[What to do]: Take the records below and set down exactly the lines from the one with "スキマスイッチ - 奏（かなで） (めちゃラク譜) by SAXT" to the one with "Diamond Wrap Earrings in 14k Yellow Gold", ends included; do not copy the pictures.

[Entries supplied]:
· · ·

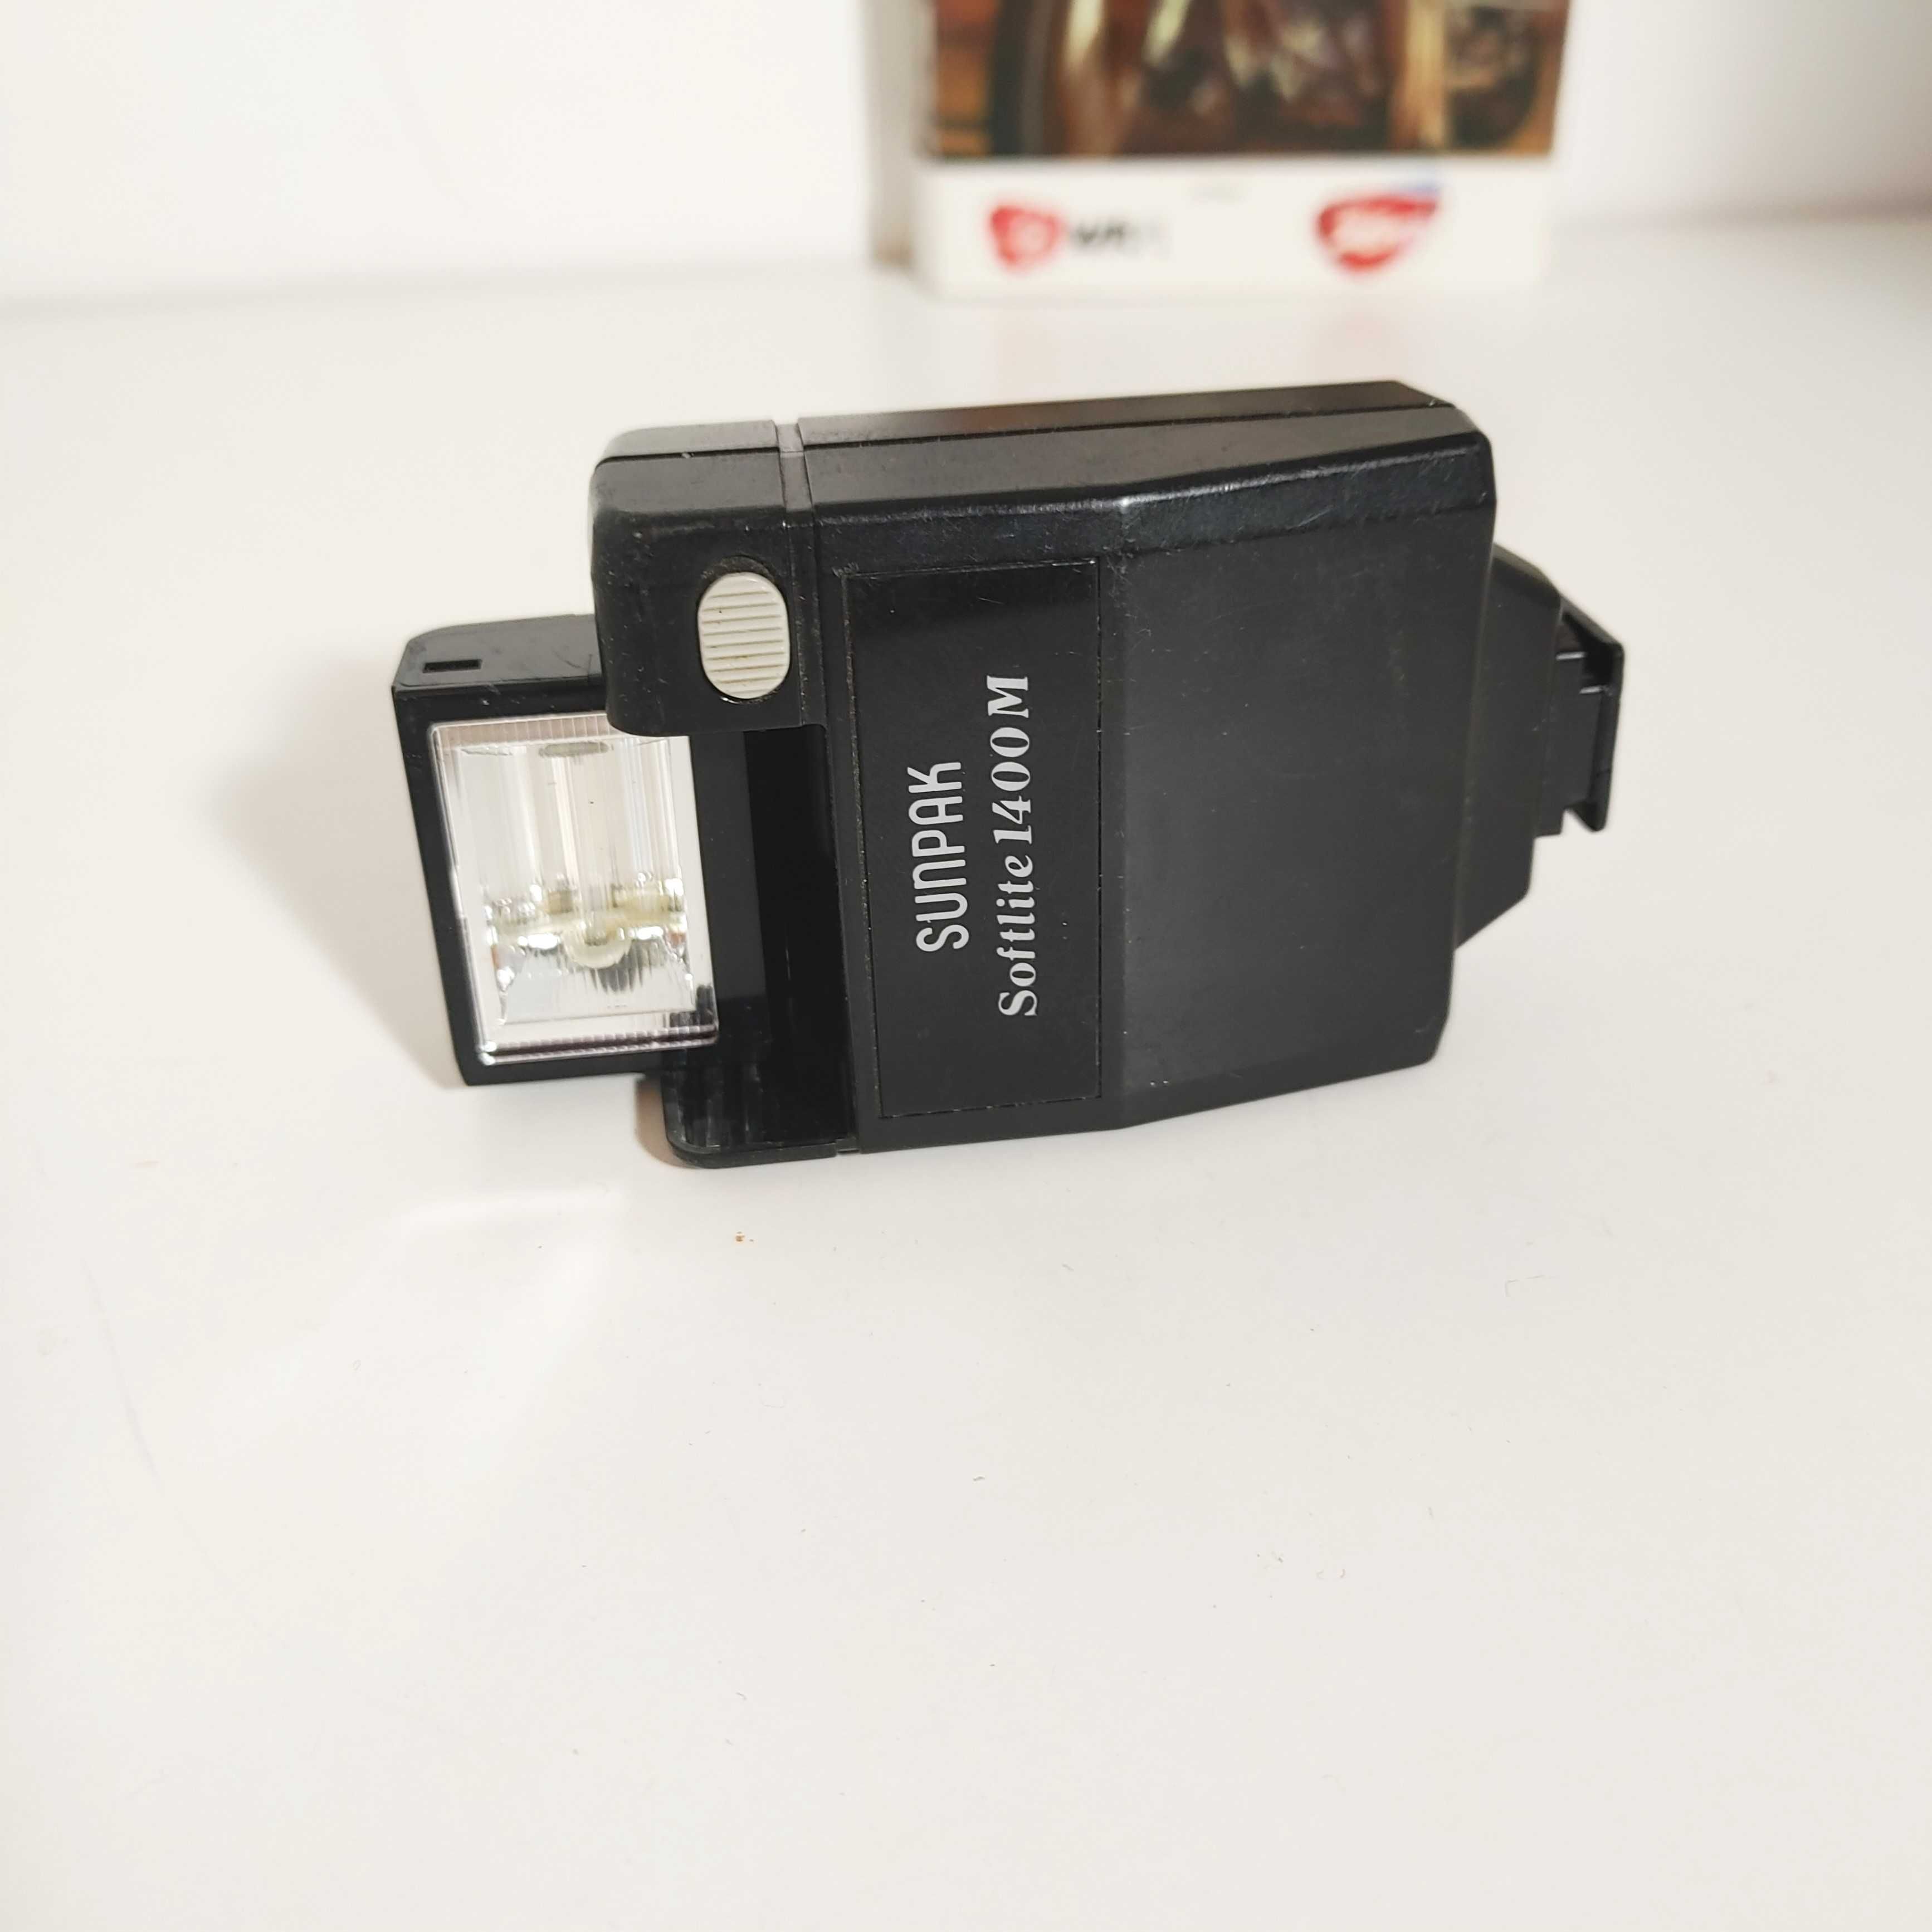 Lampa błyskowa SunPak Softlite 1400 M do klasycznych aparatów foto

· · ·

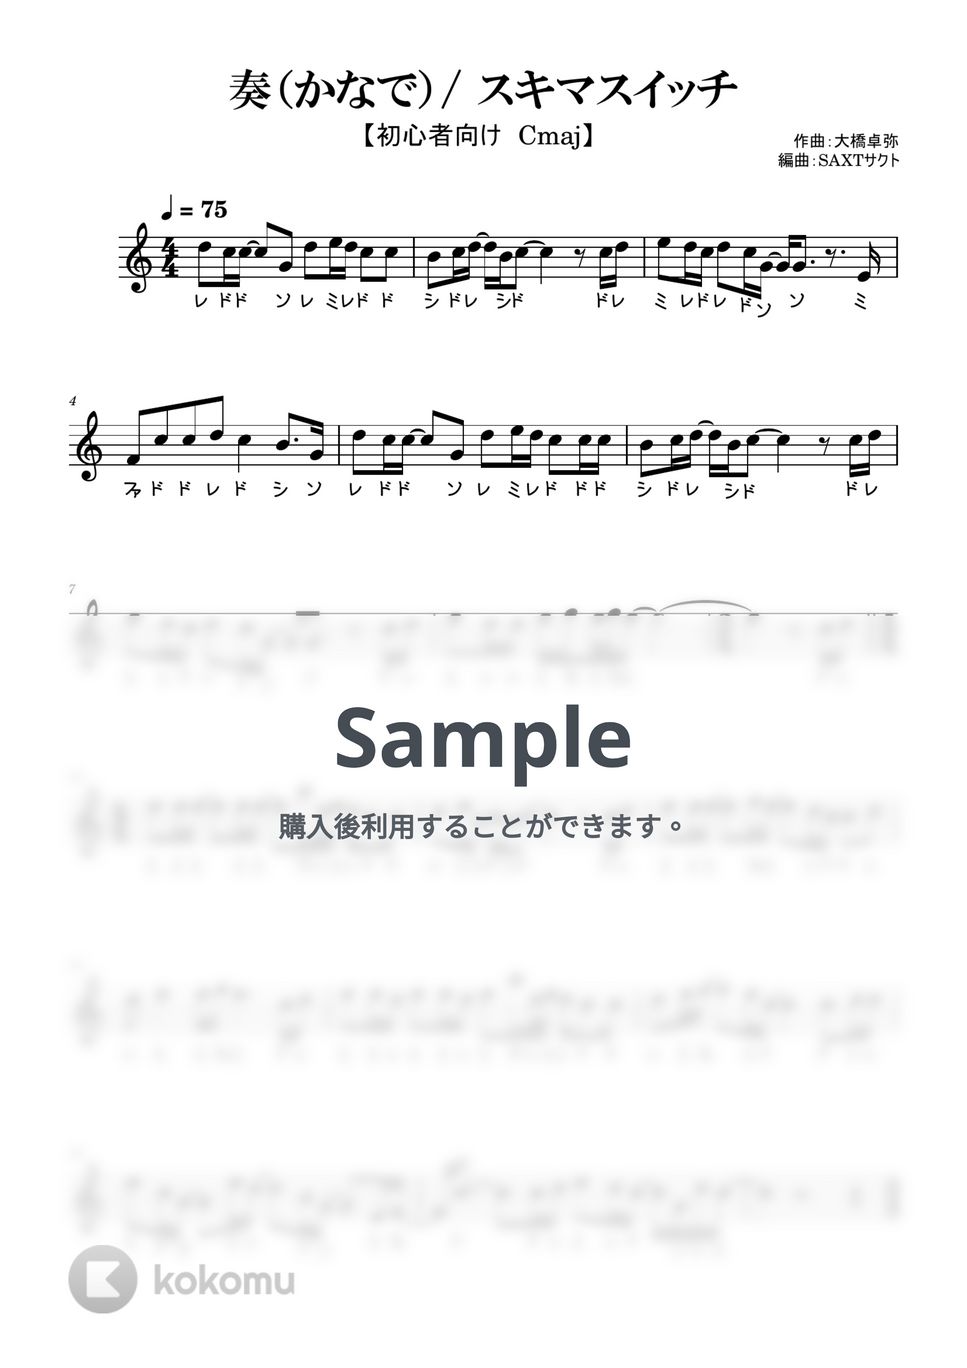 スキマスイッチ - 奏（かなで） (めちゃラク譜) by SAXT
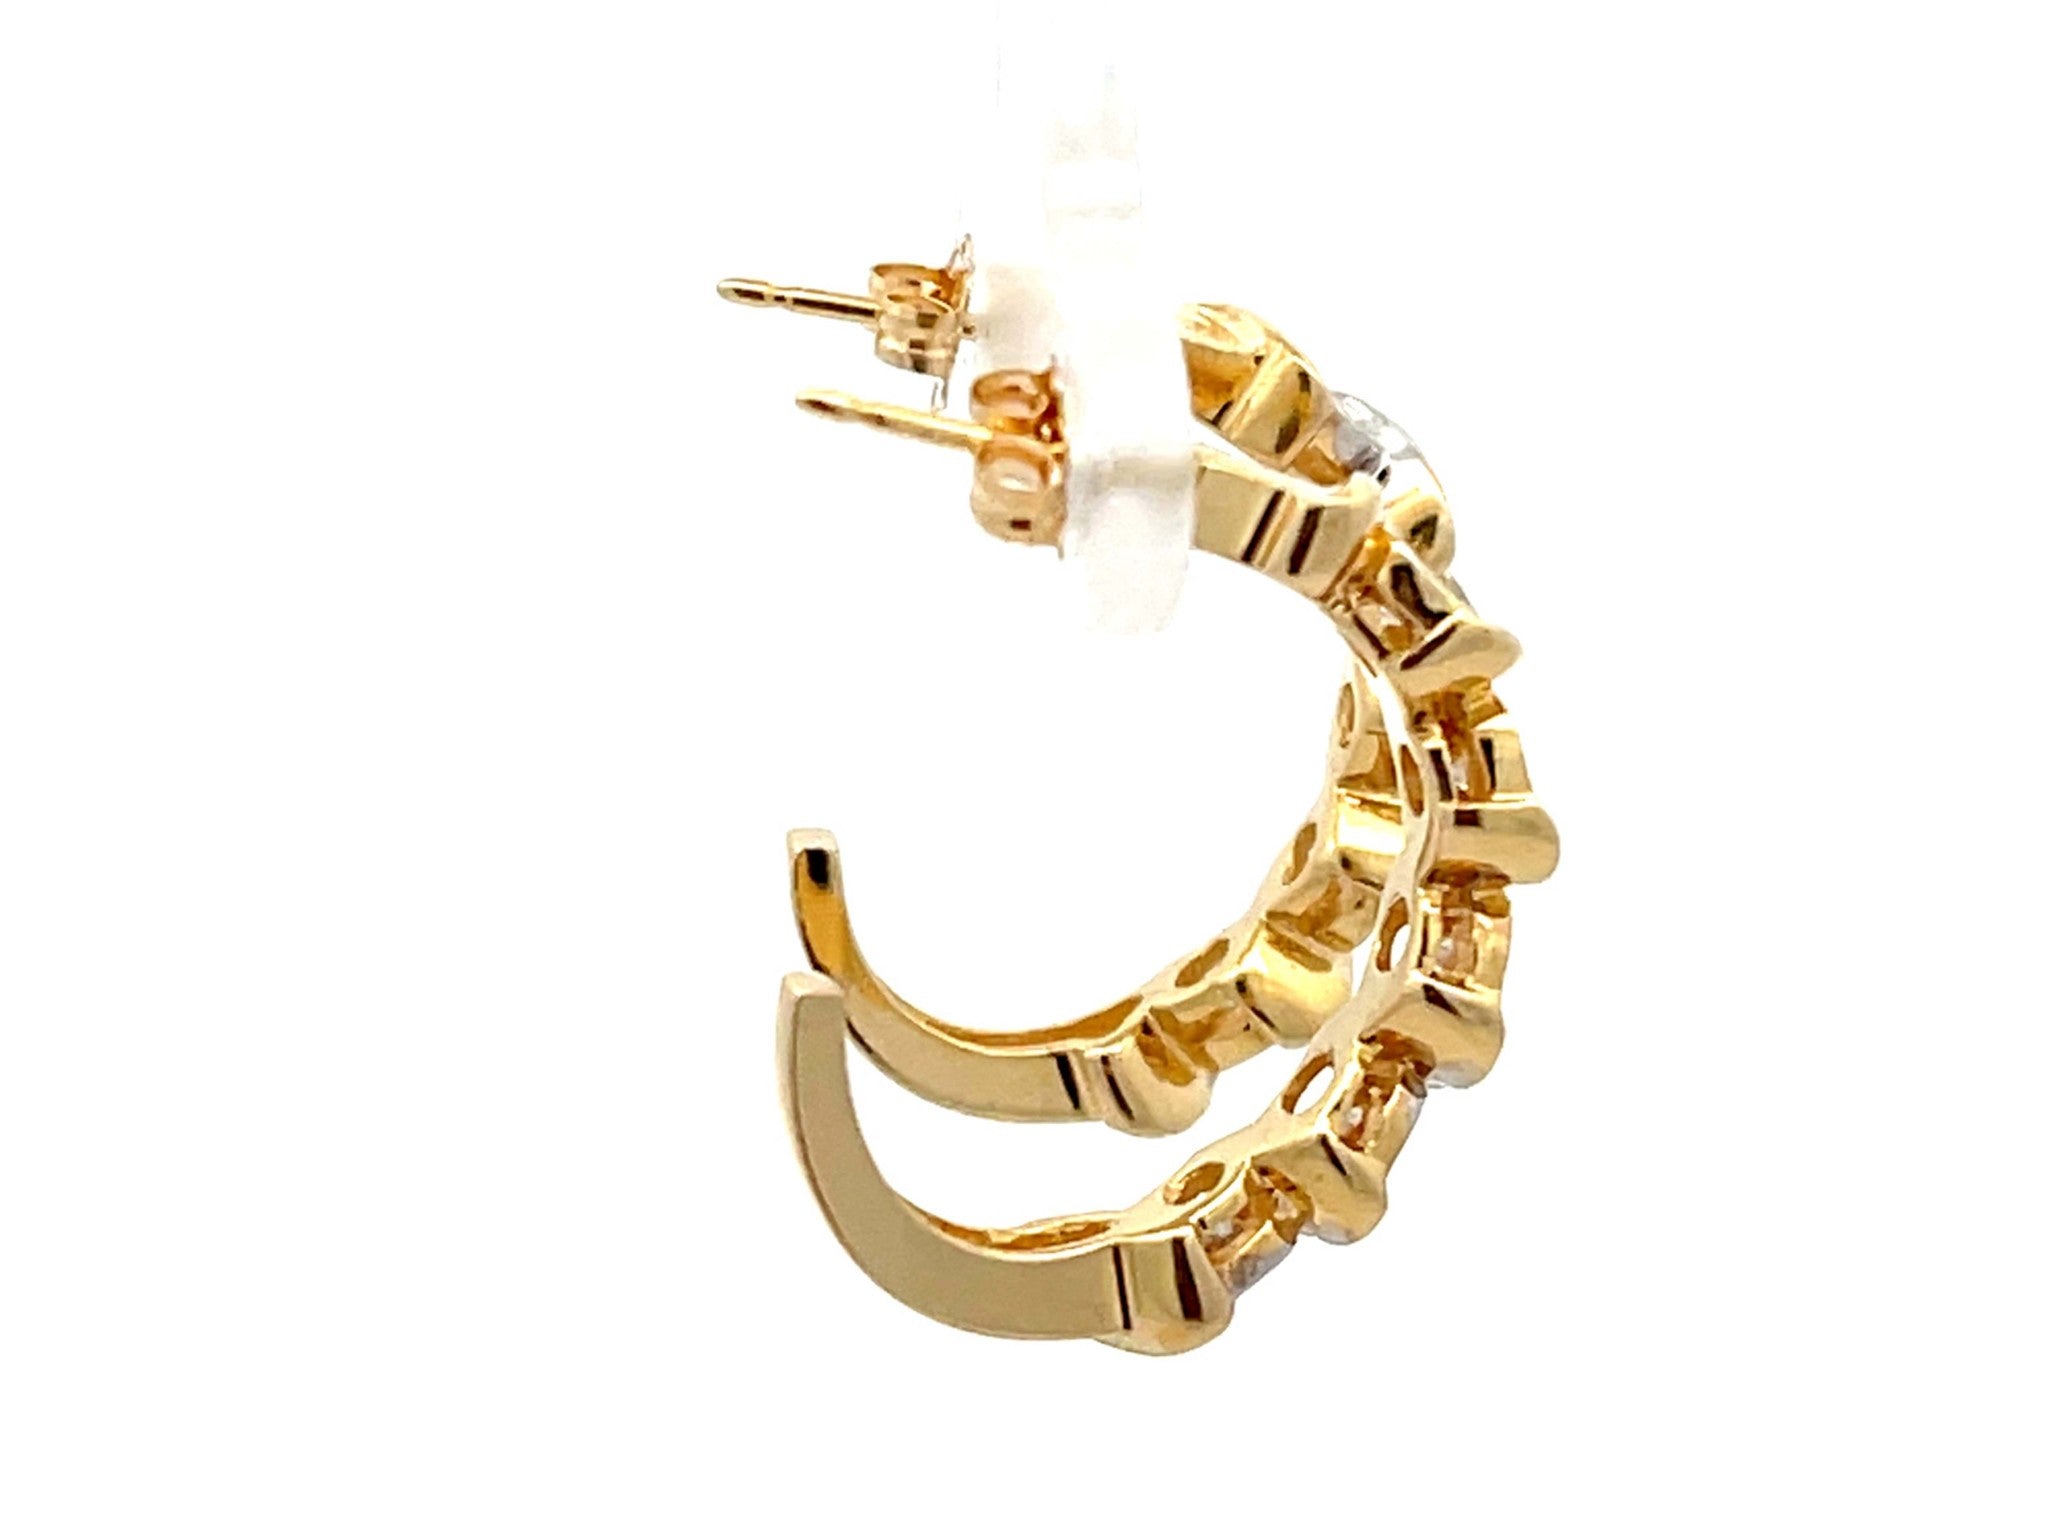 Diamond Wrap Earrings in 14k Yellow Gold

· · ·

[Your solution]:
 スキマスイッチ - 奏（かなで） (めちゃラク譜) by SAXT
 Diamond Wrap Earrings in 14k Yellow Gold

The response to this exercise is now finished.